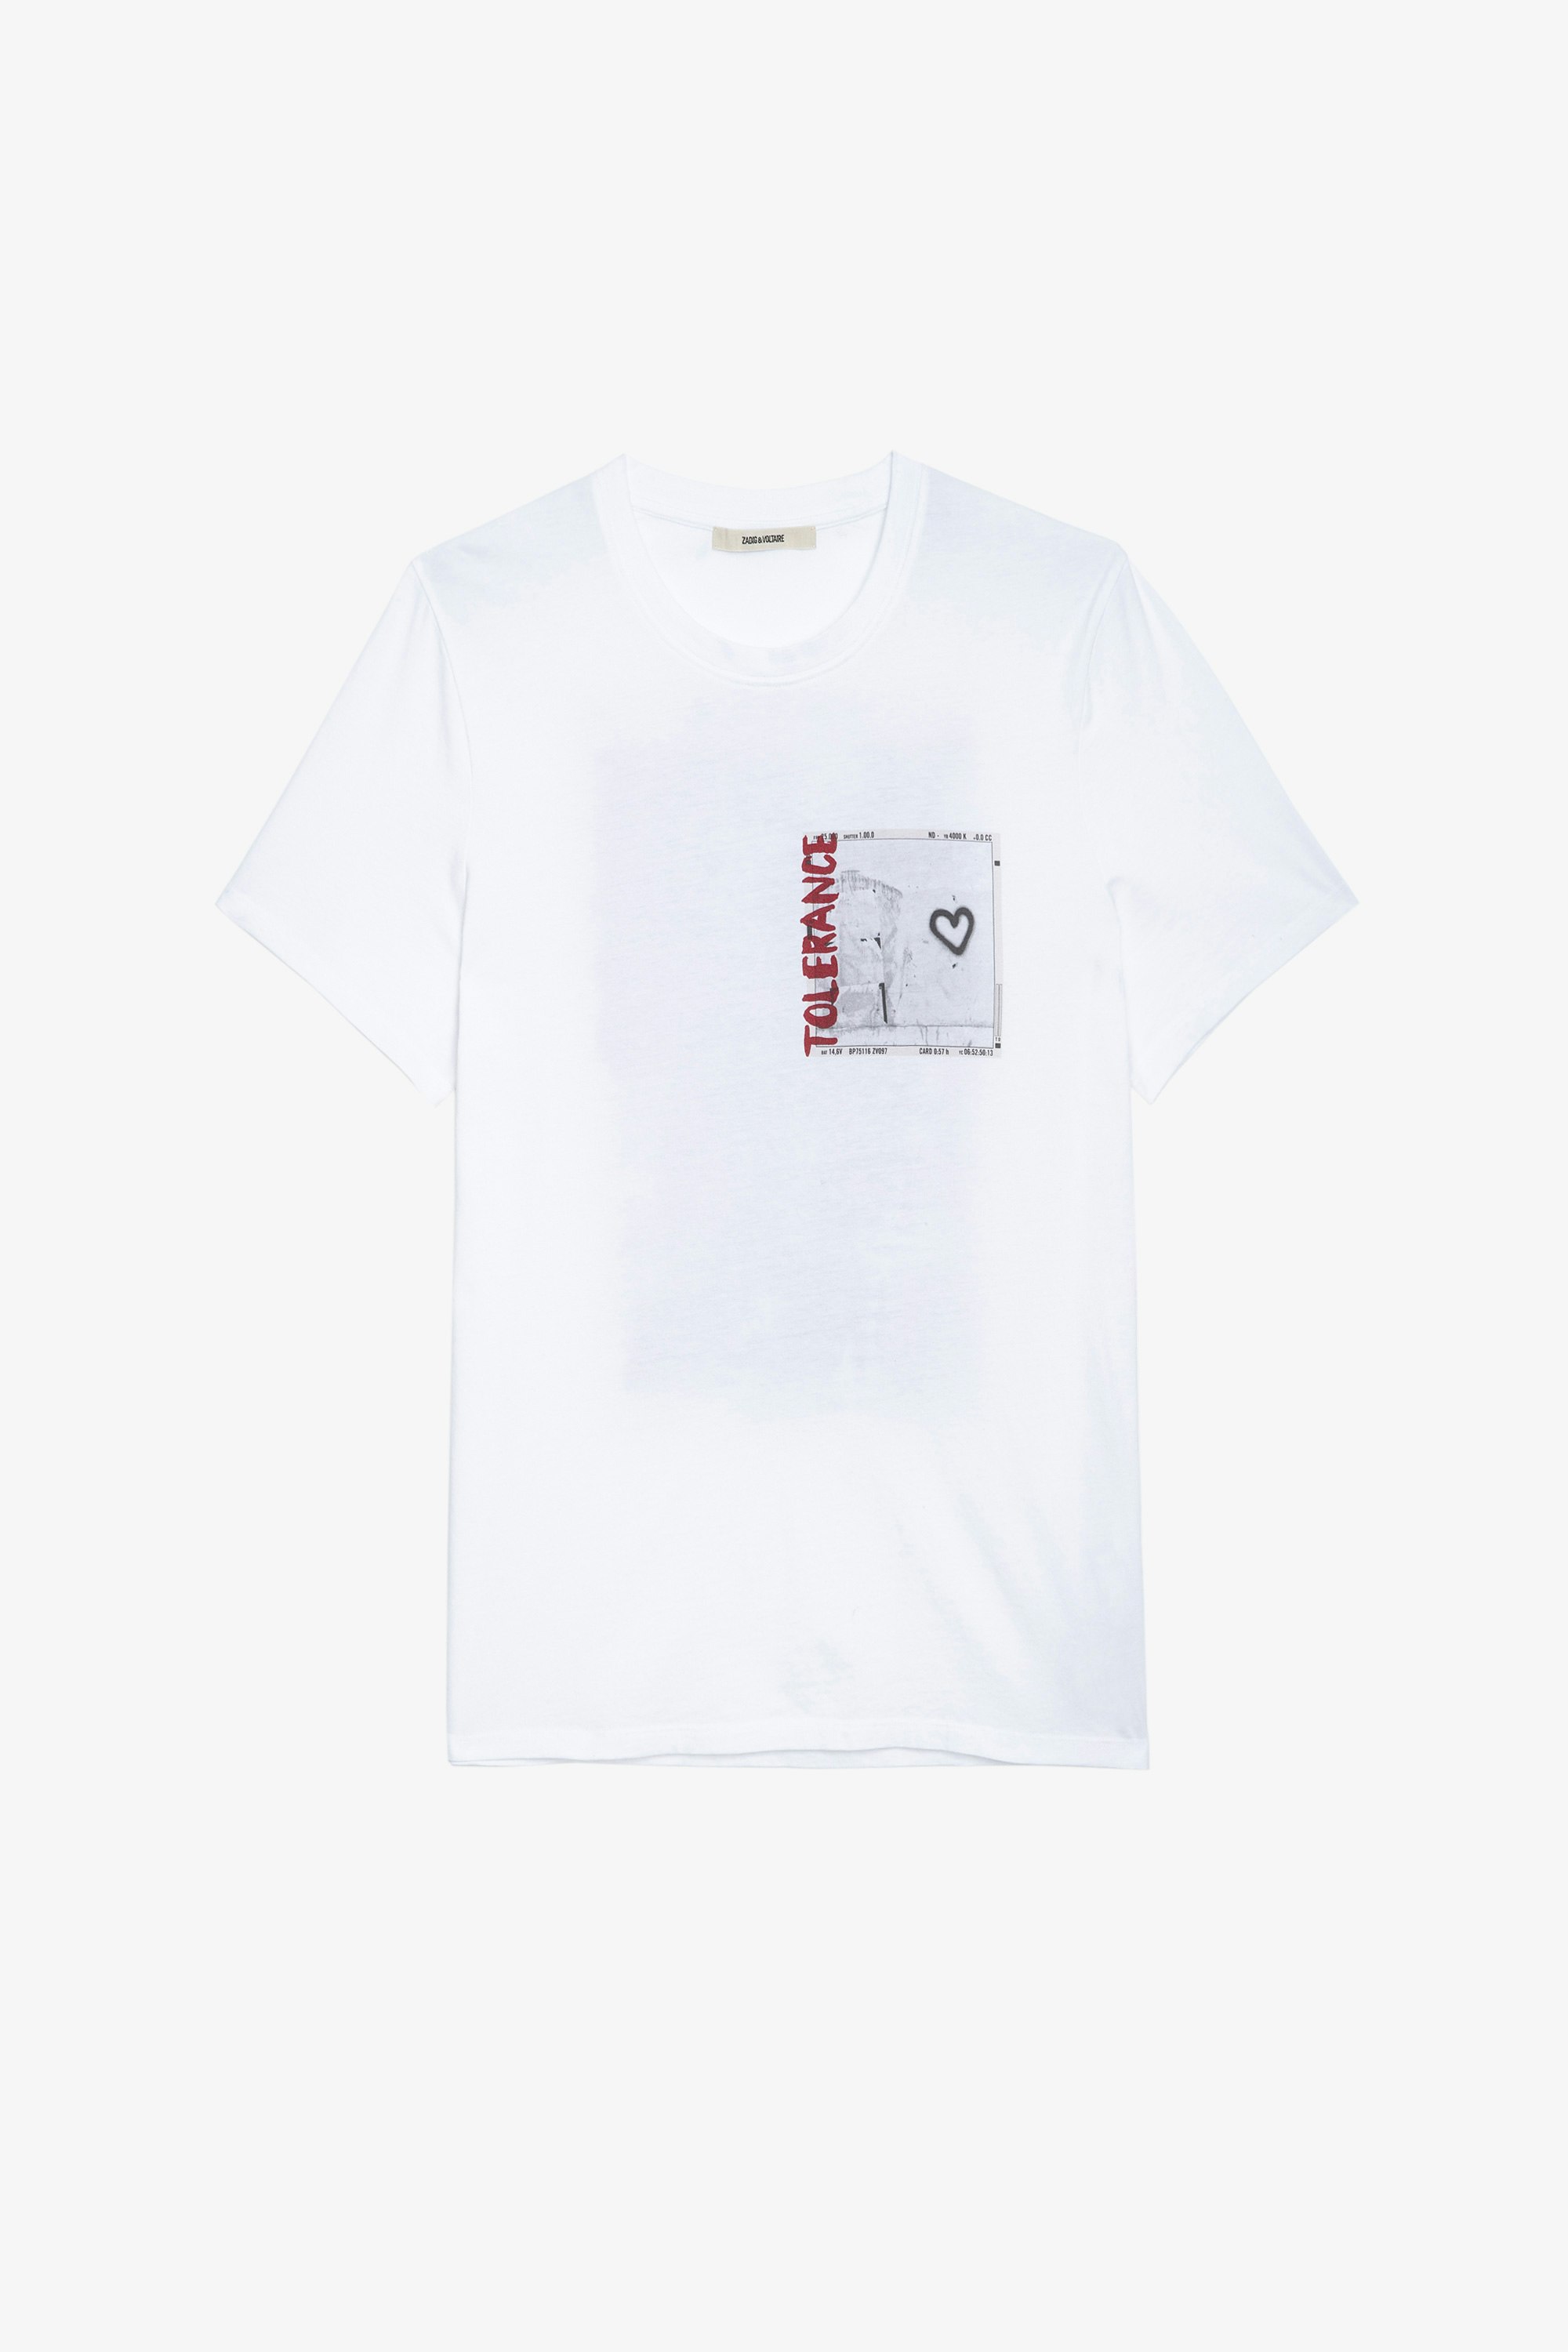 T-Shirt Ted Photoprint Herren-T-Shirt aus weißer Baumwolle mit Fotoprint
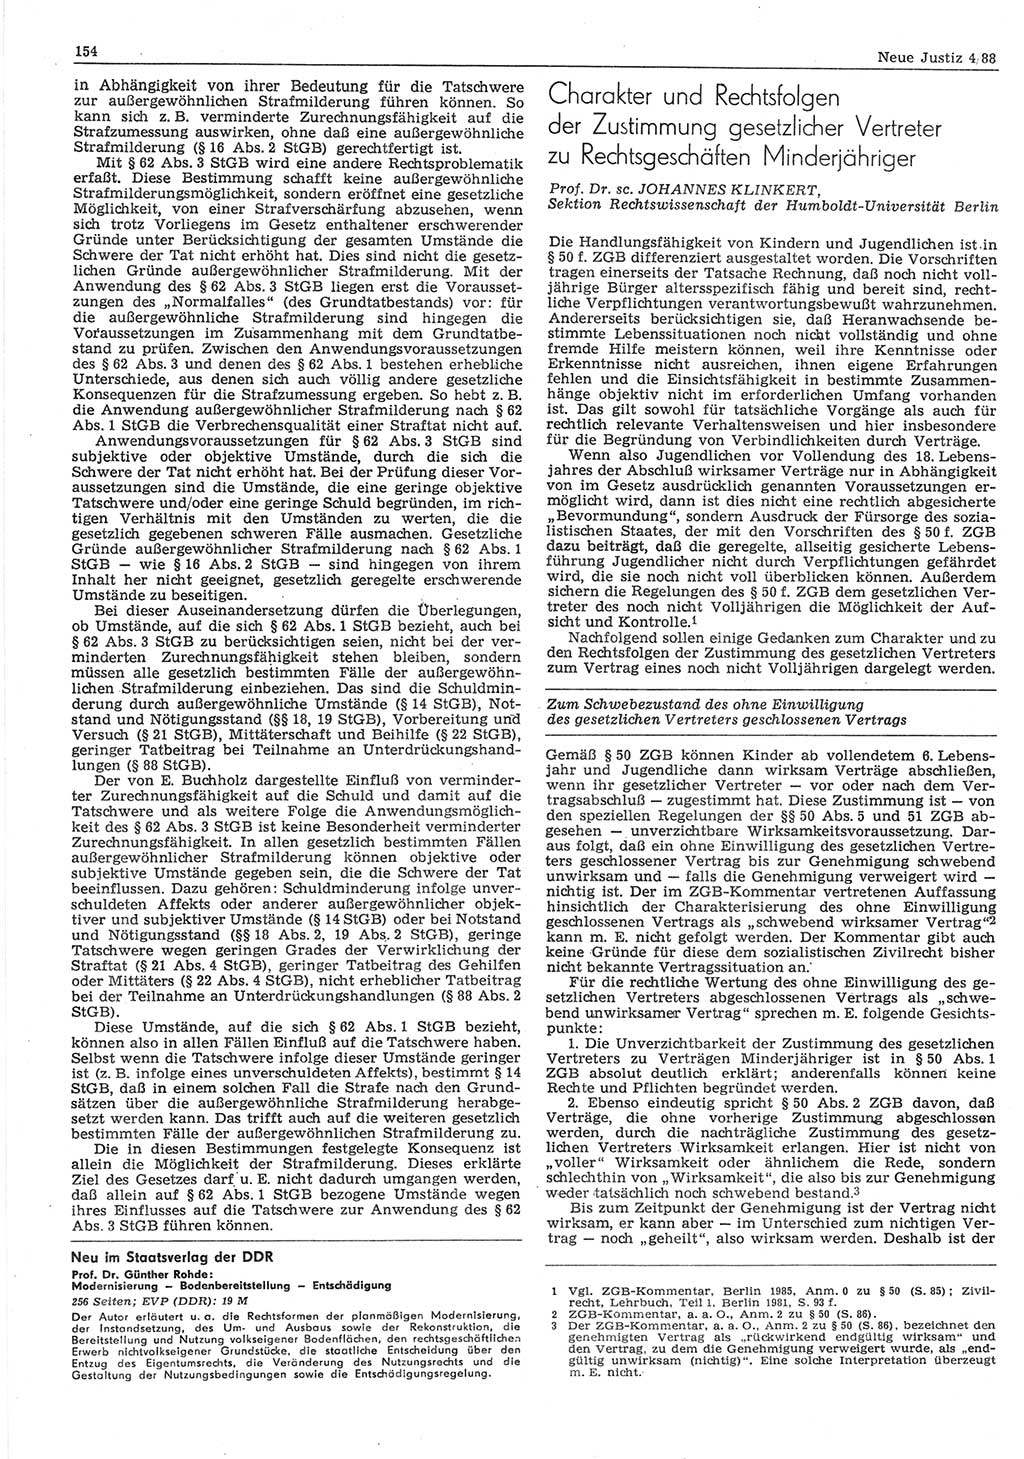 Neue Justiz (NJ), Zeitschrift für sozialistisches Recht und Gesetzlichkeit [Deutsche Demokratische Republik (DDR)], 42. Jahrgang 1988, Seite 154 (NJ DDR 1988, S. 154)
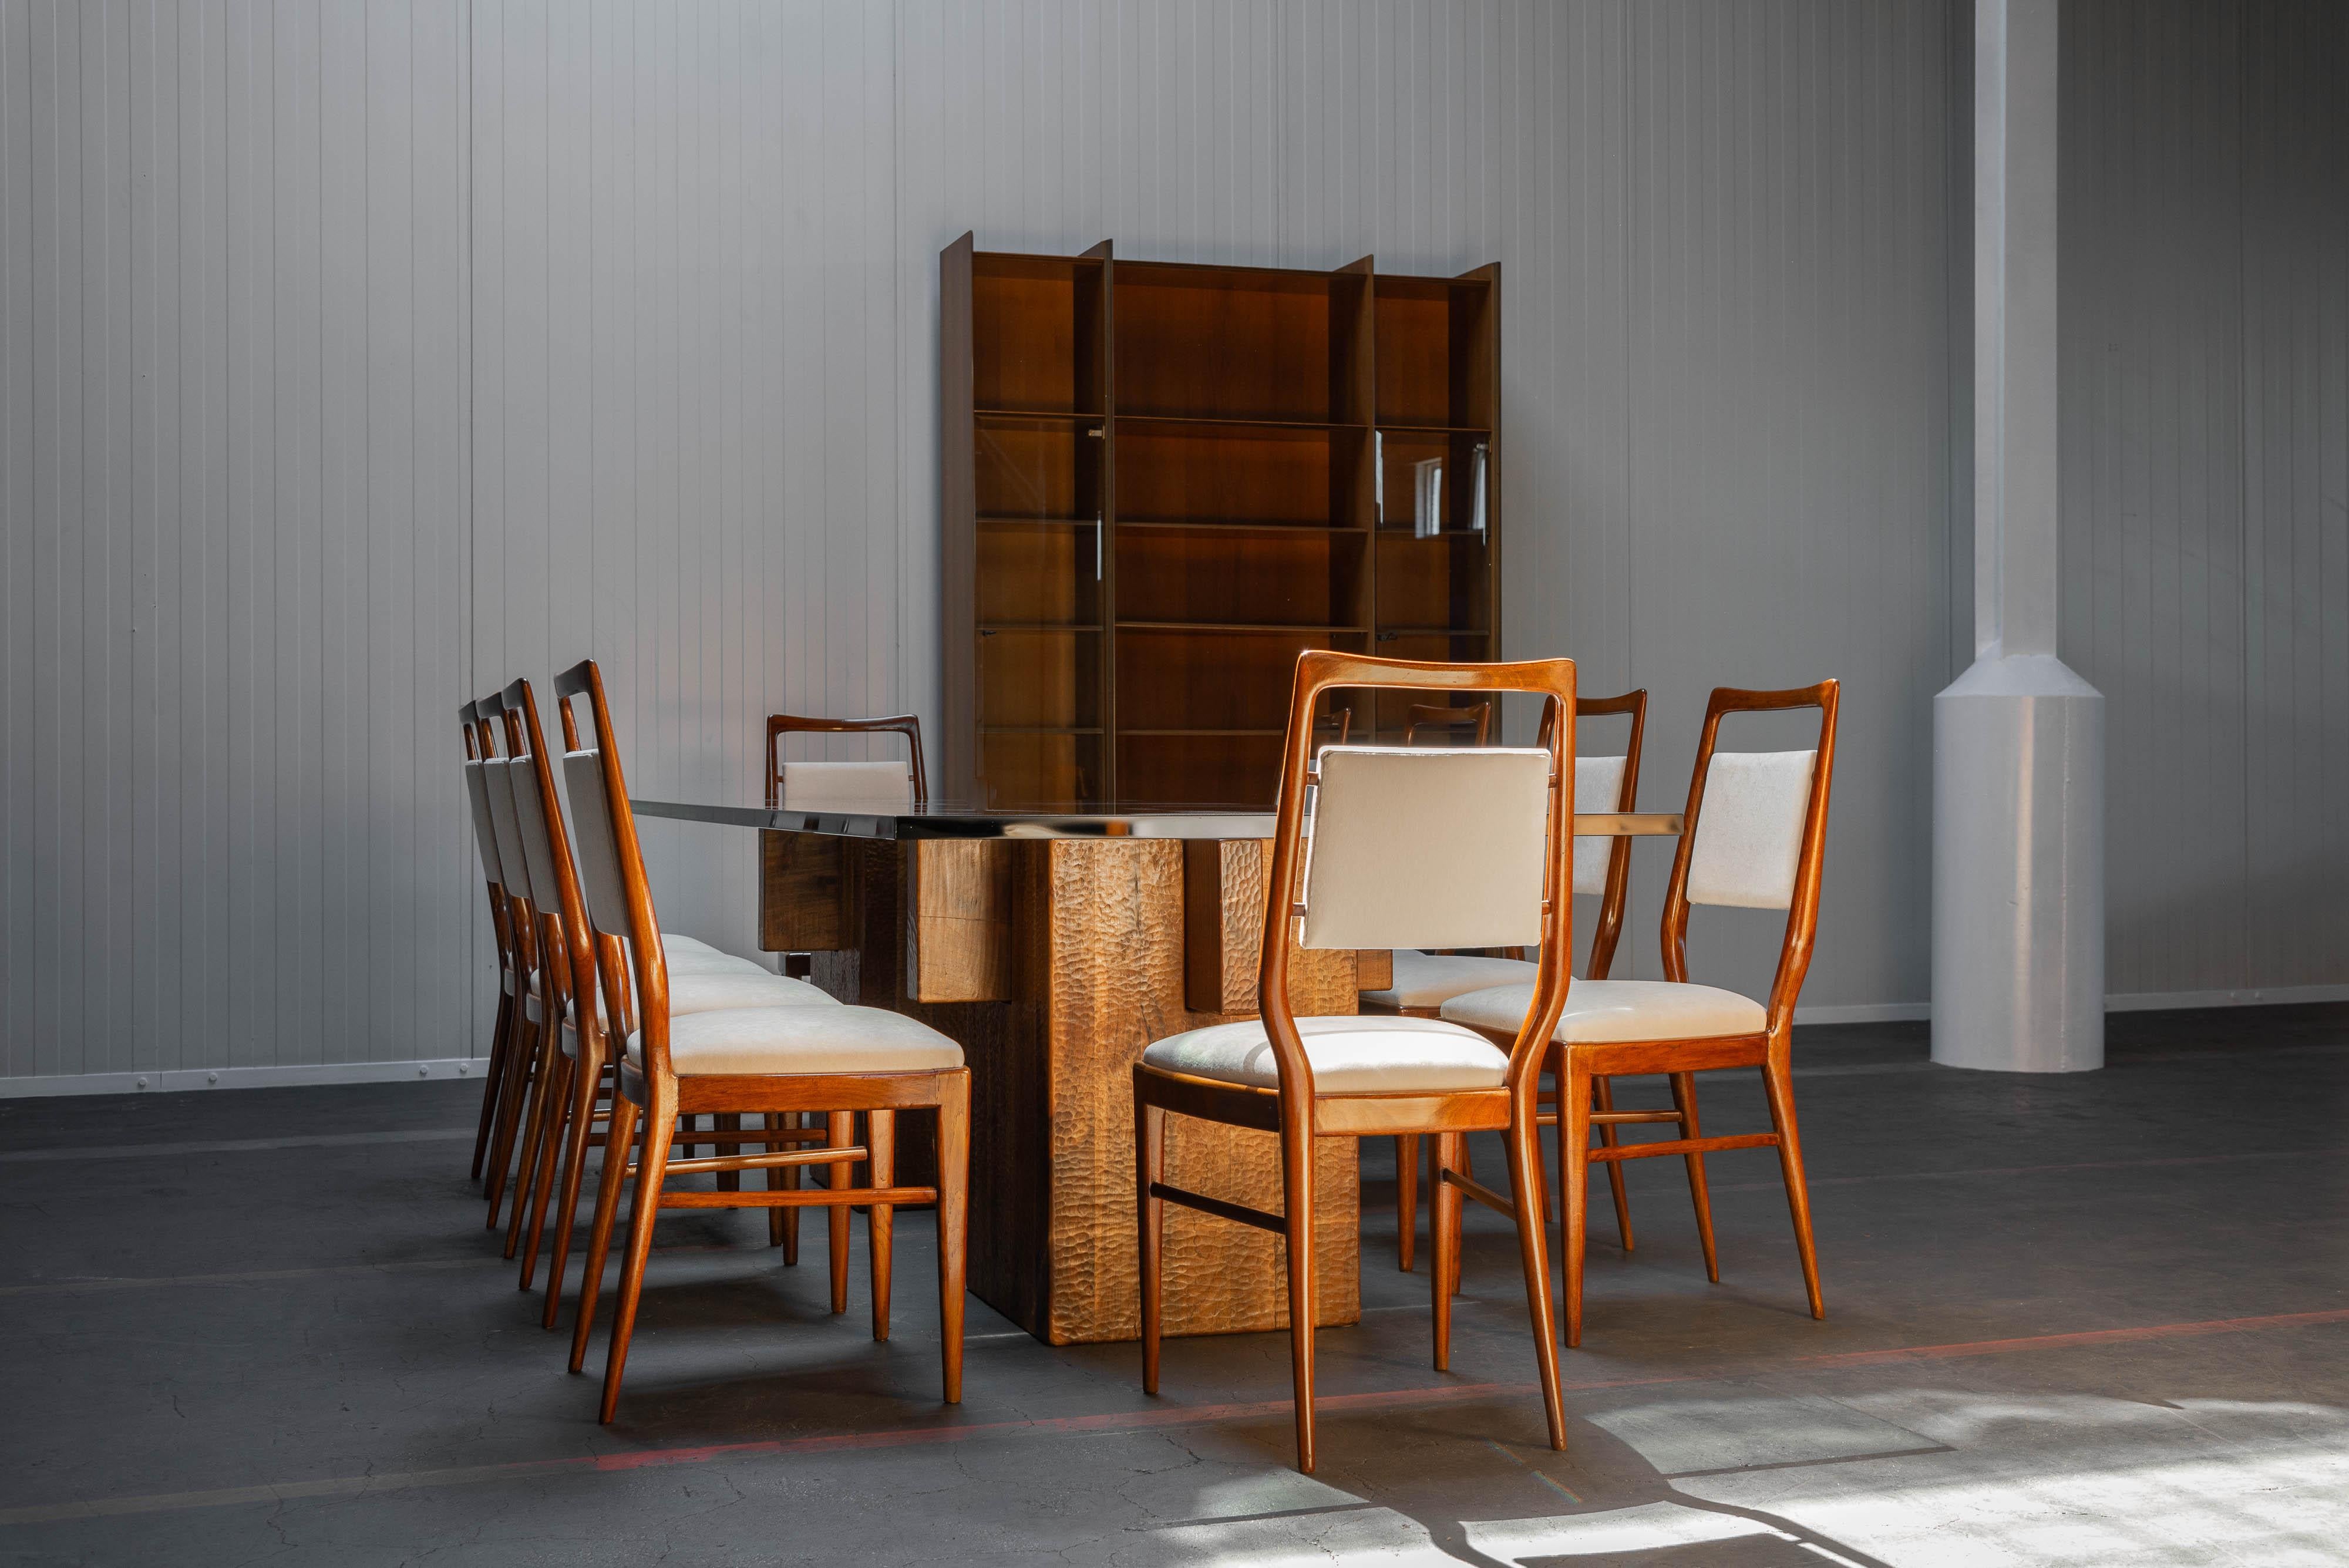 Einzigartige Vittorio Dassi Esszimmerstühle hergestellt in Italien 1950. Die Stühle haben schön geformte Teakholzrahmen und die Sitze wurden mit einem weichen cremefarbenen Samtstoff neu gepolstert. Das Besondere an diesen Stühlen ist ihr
=-=-=-=-=
Task to complete: Write out, exactly and with no pictures, the lines of the data from the first through the line containing "Neue Justiz (NJ), Zeitschrift".

Result:
 T-Shirt Ted Photoprint Herren-T-Shirt aus weißer Baumwolle mit Fotoprint
 Neue Justiz (NJ), Zeitschrift für sozialistisches Recht und Gesetzlichkeit [Deutsche Demokratische Republik (DDR)], 42. Jahrgang 1988, Seite 154 (NJ DDR 1988, S. 154)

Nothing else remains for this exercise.